Arama


Misafir - avatarı
Misafir
Ziyaretçi
20 Kasım 2007       Mesaj #9
Misafir - avatarı
Ziyaretçi
6.1 Fiziksel ve Duygusal İhmal

İhmal, anne, baba ya da bakıcının çocuğa bakma ve koruma yükümlülüklerini gereğince yerine getirmemeleri sonucu ortaya çıkan bir durumdur. İhmal bir çocuğun gelişimsel gereksinimlerini düzenlemeyi başaramamak, fiziksel bakımını uygulamamak anlamına gelir.

Çocuk ihmali çocuklara yapılan diğer türdeki kötü davranma şekillerinden daha çok sayıda çocuğu ilgilendiren bir konudur. Diğer tüm istismarların oranı %44 iken, ihmal olguları %58 dir. İhmal edilen bu çocukların ölüm nedenleri çocuğun fiziksel ve duygusal gereksinimlerinin karşılanmamasıyla ilgilidir.

Çocuktan sorumlu olan kişinin isteyerek veya çok büyük bir dikkatsizlik sonucu çocuğun önlenebilecek sıkıntıları yaşamasına izin vermesi veya bir insanın fiziksel, emosyonel ve zihinsel gelişimi için gerekli olan içeriklerin bir veya daha fazlasını sağlayamaması ihmal olarak tanımlanır.

İhmal olayları oldukça geniş bir dağılıma sahiptir. Bazı aileler bilerek çocuğu aç bıraktığı gibi bazıları da beslemeye unutabilmektedir. Bazı aileler, aile rollerinin ve sorumluluklarının nasıl yerine getirileceği hakkında bilgi toplamaya gerek bile duymazlar.

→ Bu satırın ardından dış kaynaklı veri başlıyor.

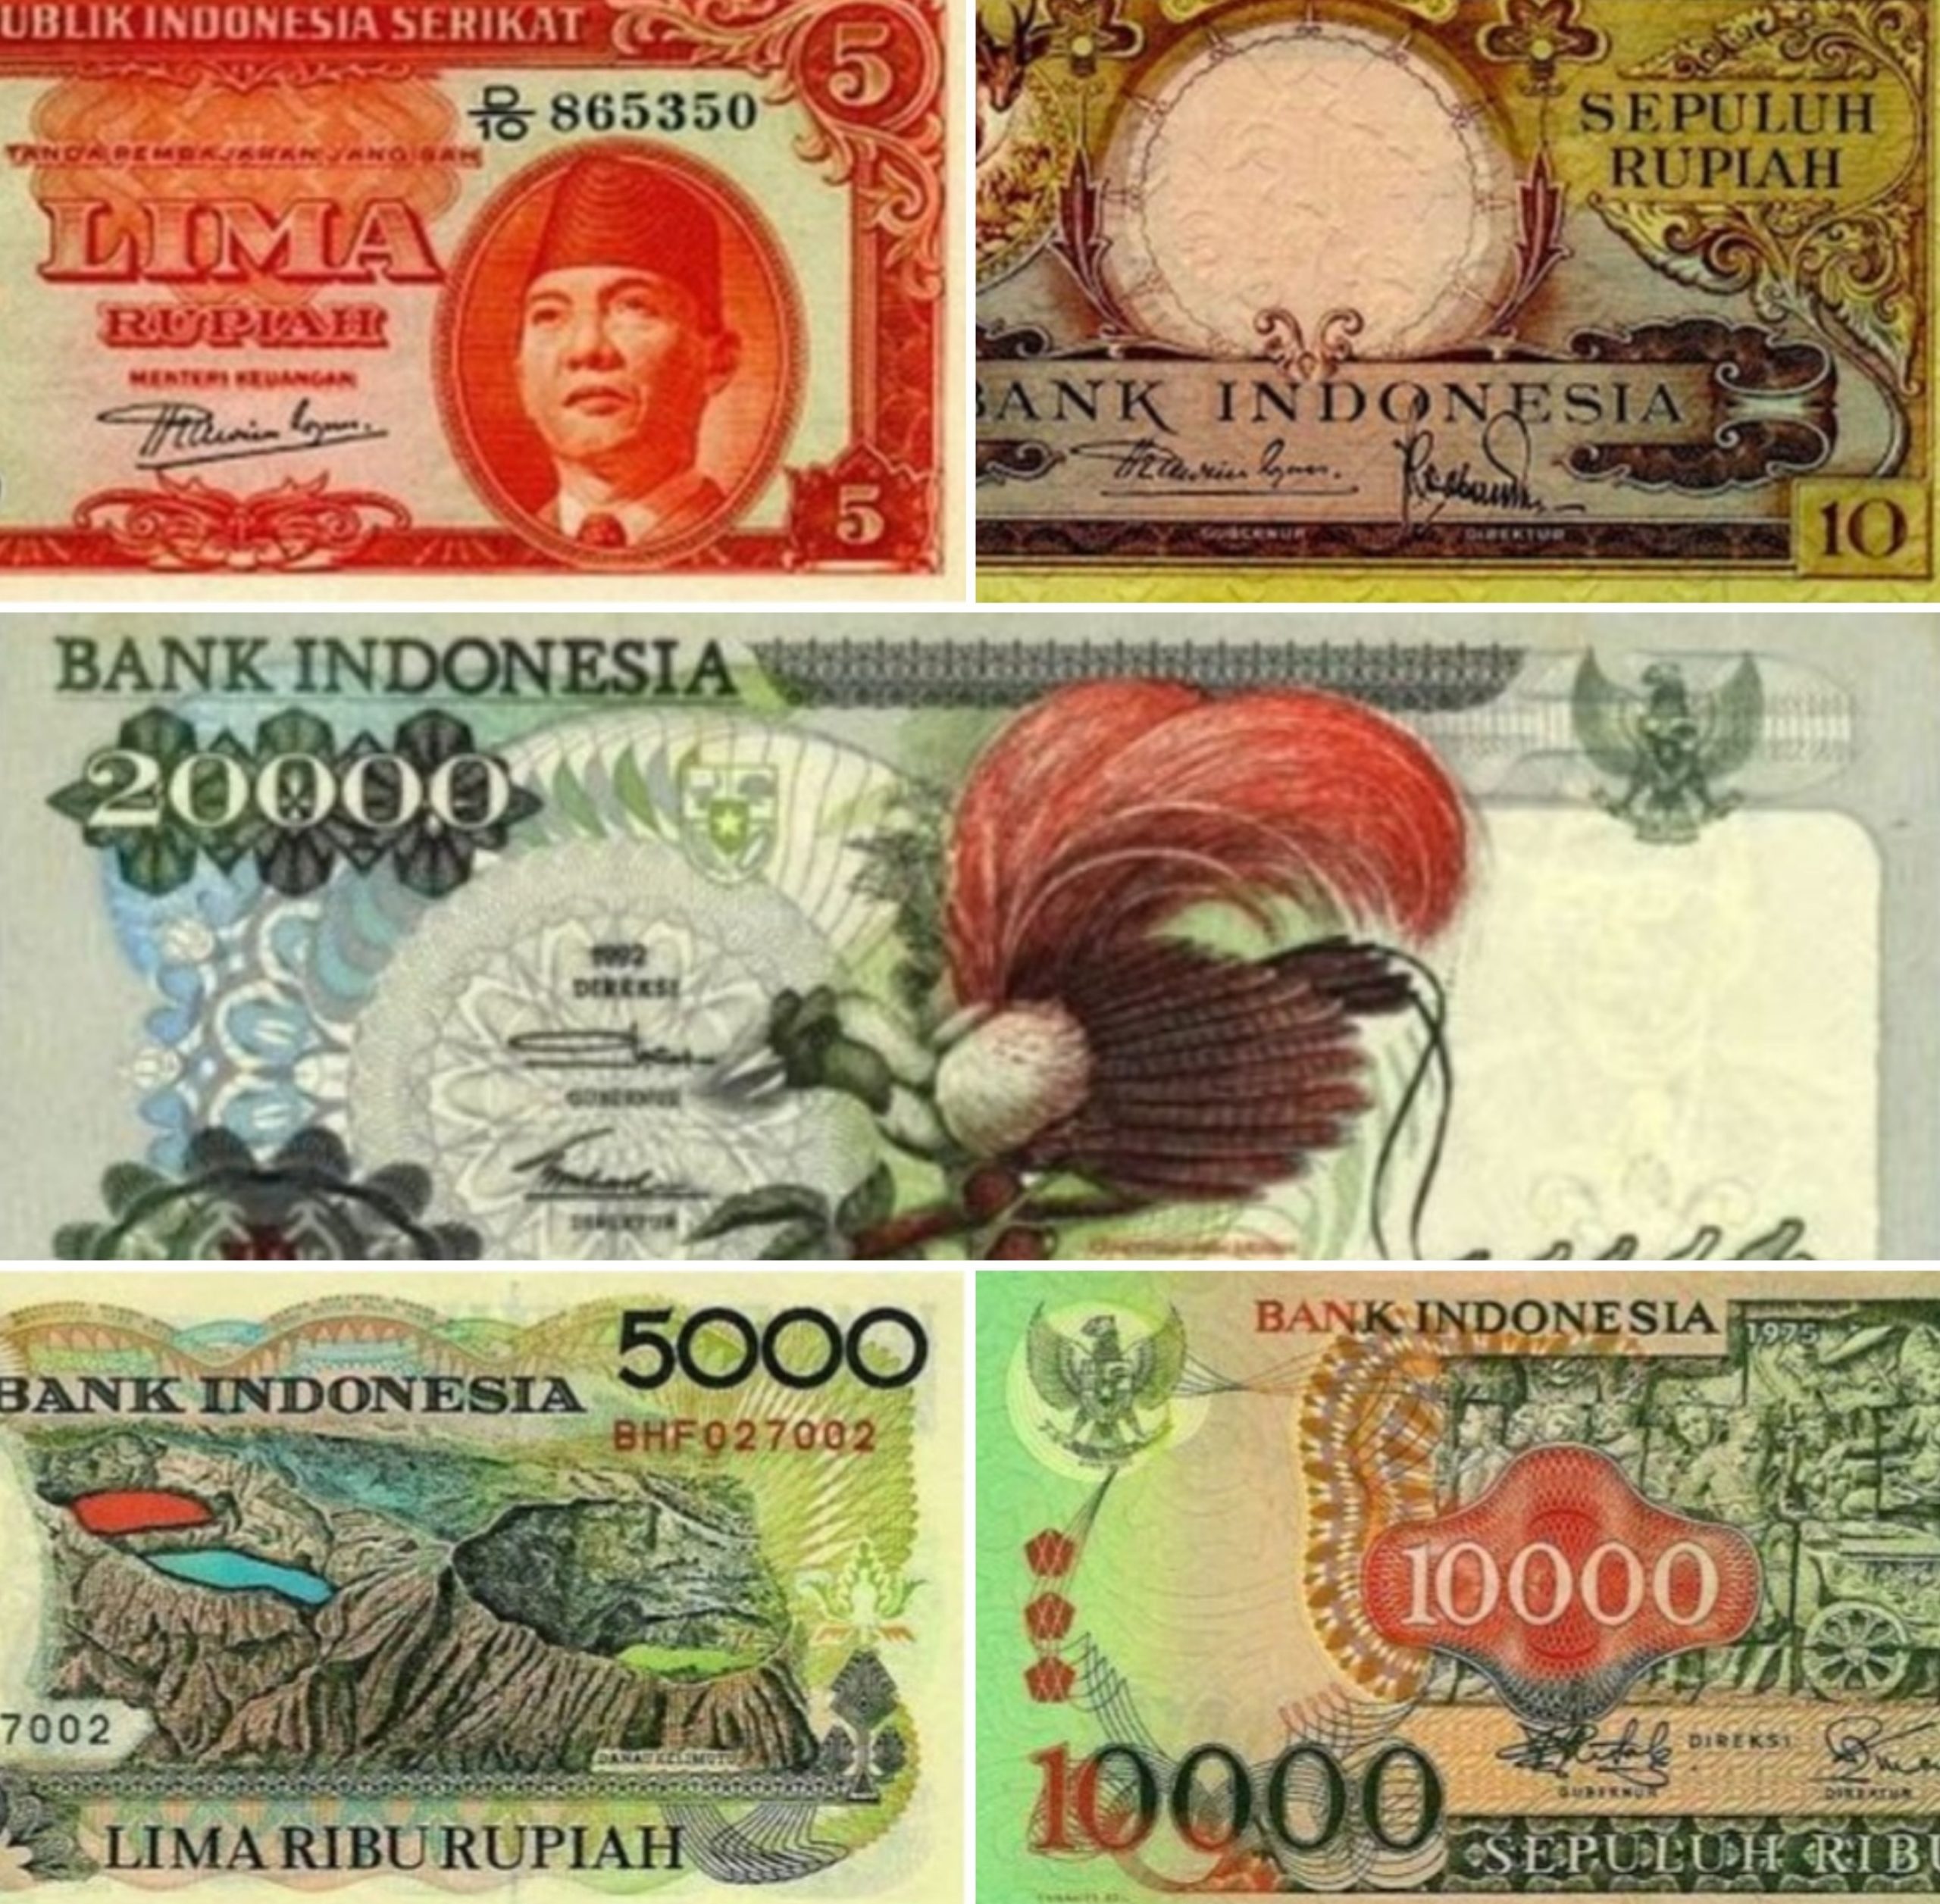 Harga Uang Lama di Bank Indonesia: Apakah Masih Berharga?

İhmal, çocuğun iyiliğe, normal gelişimi, güvenliği ve sağlığının korunmasında ebeveyn ve bakıcının onun temel gereksinimlerini sağlayacak koşulları oluşturmada başarısız olması, çocuğu fiziksel, sosyal tehlikelerden koruyamamasıdır.

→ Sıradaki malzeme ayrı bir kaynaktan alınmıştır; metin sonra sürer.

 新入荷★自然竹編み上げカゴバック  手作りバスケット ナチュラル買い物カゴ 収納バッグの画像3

Bu çocuklara fiziksel bir saldırı yapılmamış olabilir. Fakat çocuk iyi beslenmemiş, çıplak bırakılmış, sağlığı ve gelişimi çok ihmal edilmiştir. Yetişkinler bu çocukların çevrelerinde bulunan tehlikeleri kaldırmayı düşünmedikleri için bunlar devamlı tehlike, kaza ve hastalıklarla karşı karşıyadır. Aile ve çocuk arasındaki sevgi olabilir veya olmayabilir. Gerçek olan durum, çocuğun fiziksel ve ruhsal sağlığının çok ihmal edilmiş olmasıdır.


6.1.1 Fiziksel İhmal

Genel olarak çocuğa yeterli besin, giyecek, barınak, tıbbi bakım, eğitim veya fiziksel olarak güvenli bir ortam hazırlamamaktır.

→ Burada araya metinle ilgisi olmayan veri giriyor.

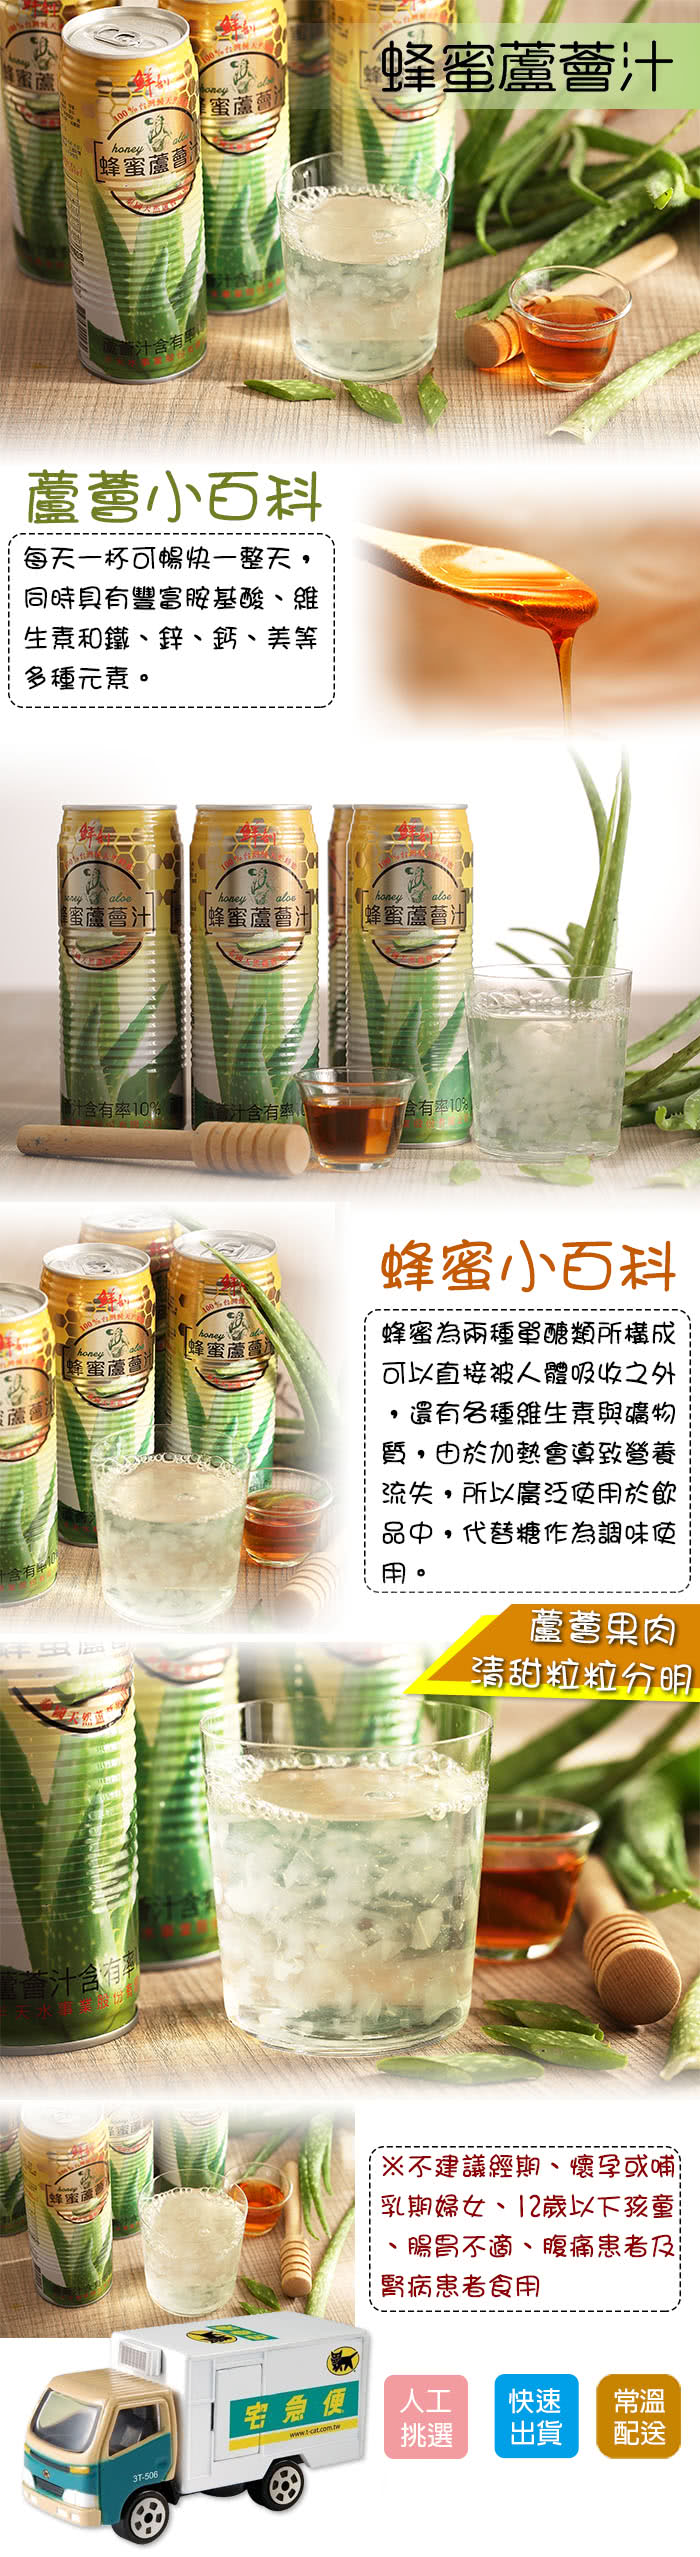 【半天水】鮮剖蜂蜜蘆薈汁520ml(24入/箱)

Çocuğun ihtiyaçlarının karşılanmamış olması pek çok belirgin fiziksel bulgu ile tanınabilir. Eğer çocukta fiziksel bir bulgu varsa çocuğun ağırlığı düşükse, gelişimi zayıfsa, büyüme normal değilse, abdominal distansiyon varsa, deri altı yağ dokusu azalmışsa, yetersiz ve dengesiz beslenme şüphesi uyanmalıdır. Bulgular genellikle çocuğun sürekli aç bırakılması sonucudur. Çocuğu ile yeterli bir duygusal ilişki kuramayan anne babalar kendi sorunlarıyla baş edemediklerinde çocuğu beslemeyi unutabilir ve hatta çocuğun açlık nedeniyle ağlayışını duymazlıktan gelebilirler.

Küçük çocuklarda hijyenik bakımın iyi olmaması, çocuğa bakımın iyi yapılmadığını gösterir. İhmal edilmiş çocukların çoğu hava durumu ile uymayan veya kirli giyecekler giyerler.

Bir bebeğin saçlı derisi üzerinde saçsız alanların nedenleri dikkatle araştırılmalıdır. Çocuğun oksipital bölgesinde sürekli saçsız alanın bulunması da bu çocuğun uzun zamandan beri aynı pozisyonda bırakılmış olmasını düşündürebilir.

İhmal edilmiş çocukta diş sorunları, aşılama veya tedavi edilmemiş infekte yaralar, tıbbi bakım eksikliğini gösterir. Kundak dermatiti, pişikler, kirli görünüm, kötü koku, bezlerin idrar ve dışkı kokması gibi temizlik ve bakım ihmaline de sık rastlanır. Bu çocuklar çoğu kez apatik ve huzursuz görünümdedirler. Anne babalar genel bakım kurallarını uyguluyor gibi görünseler de çocuğa yeterince dokunmazlar, ona bakmazlar.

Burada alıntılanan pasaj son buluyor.